As one of the safest havens for assets around the world, Japan’s government bonds saw yields hit new lows as global economic and governmental risks rise ahead of the next week’s referendum on whether the United Kingdom will remain in the European Union, a vote better known as Brexit.

“In the global risk-off environment, few want to sell ahead of the June 23 referendum,” Shuichi Ohsaki, chief rates strategist at Bank of America Merrill Lynch in Tokyo told Bloomberg. “The decline in yields is accelerating with buying in a one-way market.”

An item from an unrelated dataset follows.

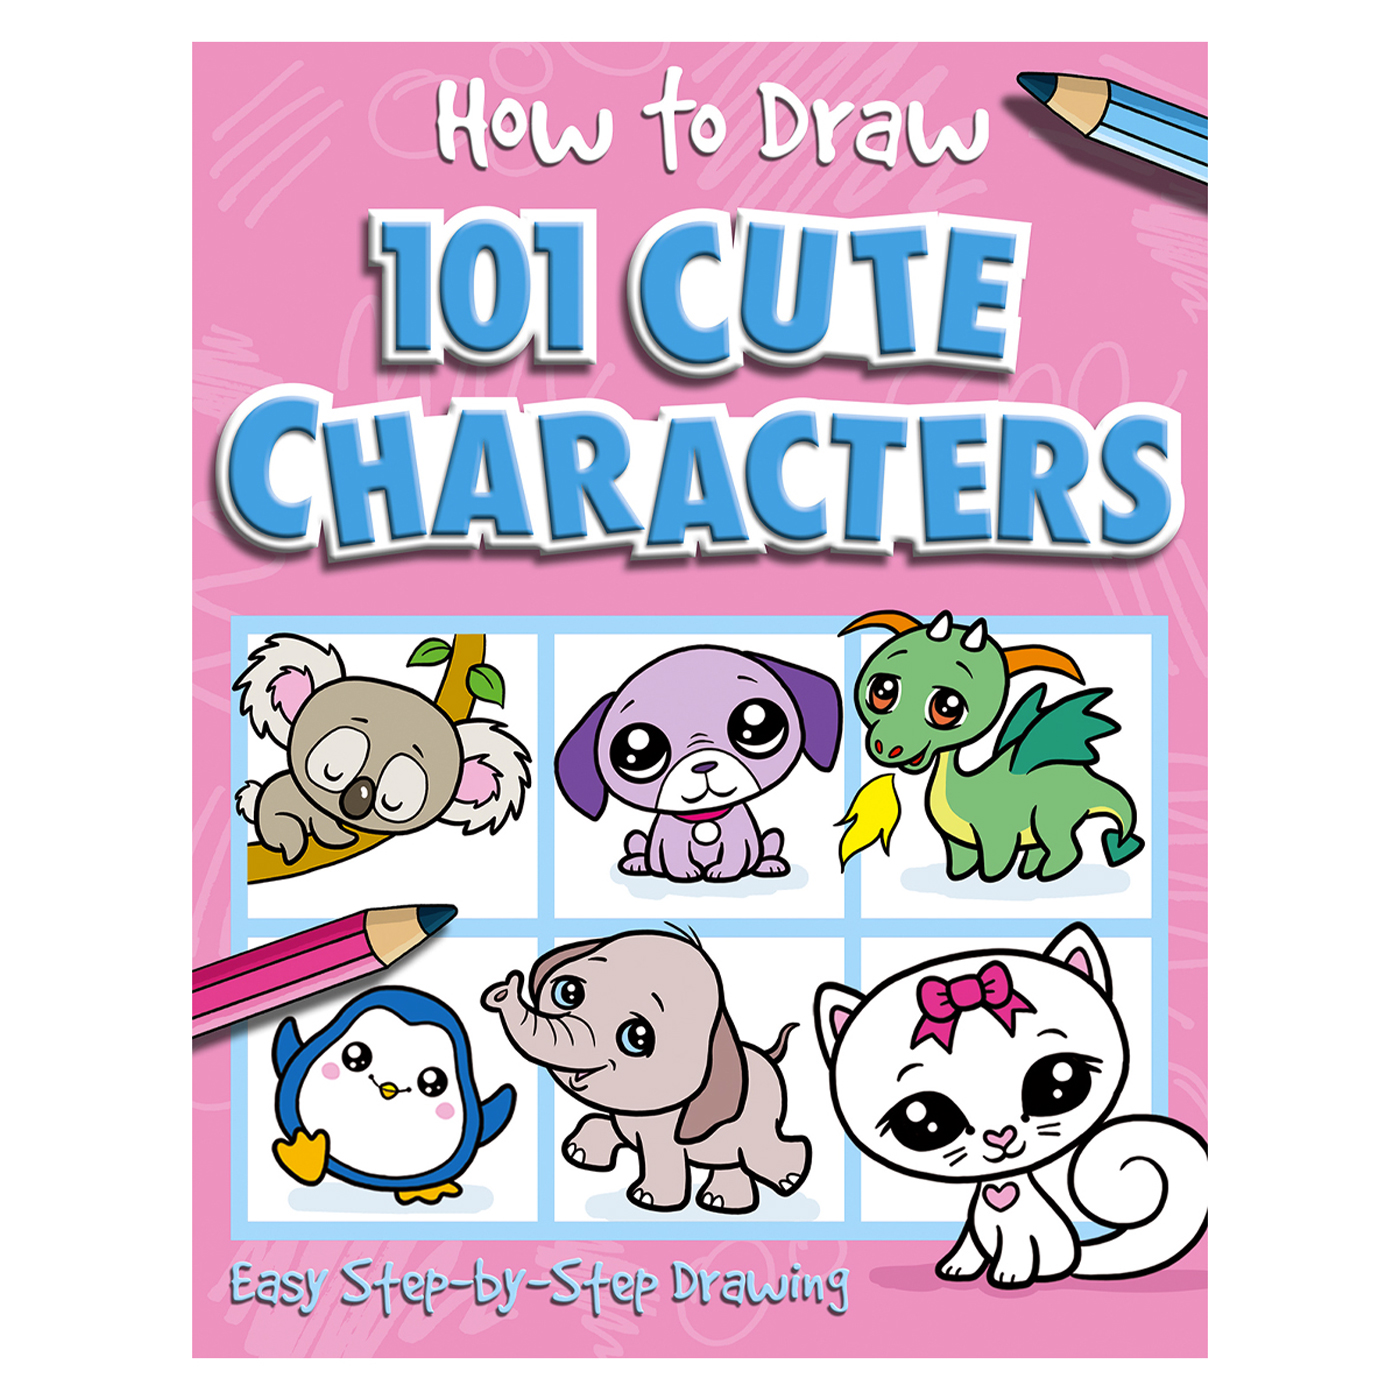  How To Draw 101 Cute Characters
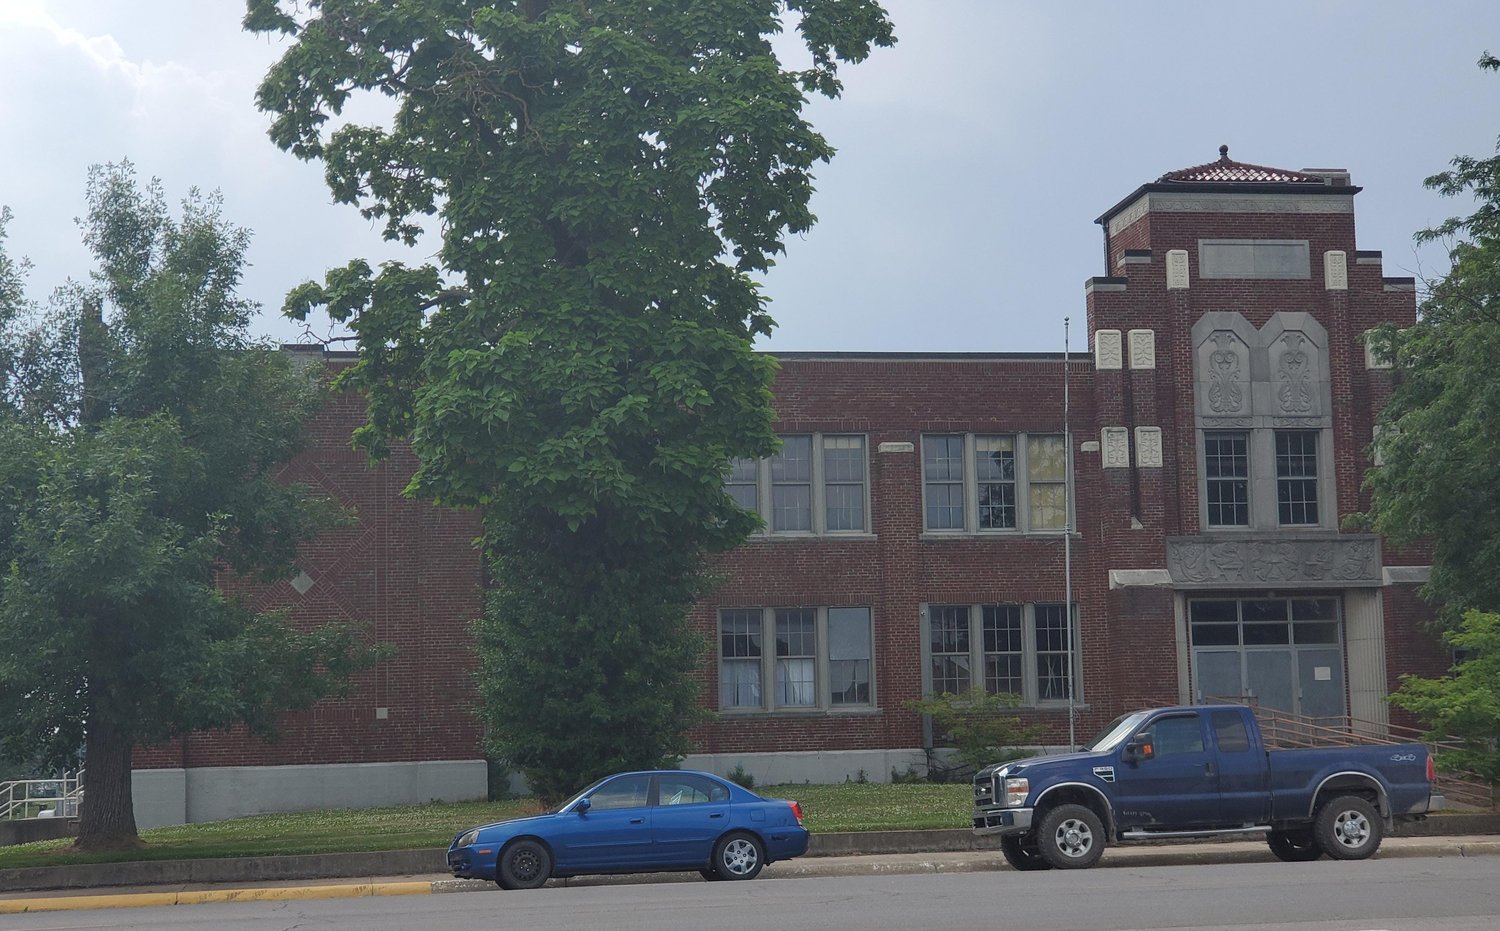 The old Moberly Junior High School by 2022 will have new occupants. It is being converted into senior housing through a $10.1 million rehabilitation.

Since bond prices rise when yield falls, the drop in yields has caused prices to rise so much that Japan’s bond market is heading for its best six-month rally since 1995. This is partly the result of the BOJ introducing negative interest rates early this year to increase purchases of government debt.

On Thursday, the yields on Japan’s 10-year bond fell to an unprecedented minus 0.195%. The rally also sent 20- and 30-year yields to historic levels at 0.135% and 0.21%, respectively. Five-year yields hit an all-time low of minus 0.295% and two-year yields sank to minus 0.285%. Forty-year yields slid to 0.245%. As the yields plunge so too do the chances that the central bank will be able to expand its unprecedented stimulus when it concludes a two-day meeting in Tokyo on Thursday.

“There is no logic in the BOJ saying it will cut negative rates further to drive down yields because yields are falling for reasons other than Japan’s monetary policy,” Hiroyuki Kubota, an independent financial analyst told Bloomberg. “The rally in the (Japanese Bond) market is purely from moves related to the Brexit concerns. It’s excessive and appears to be bubbly.”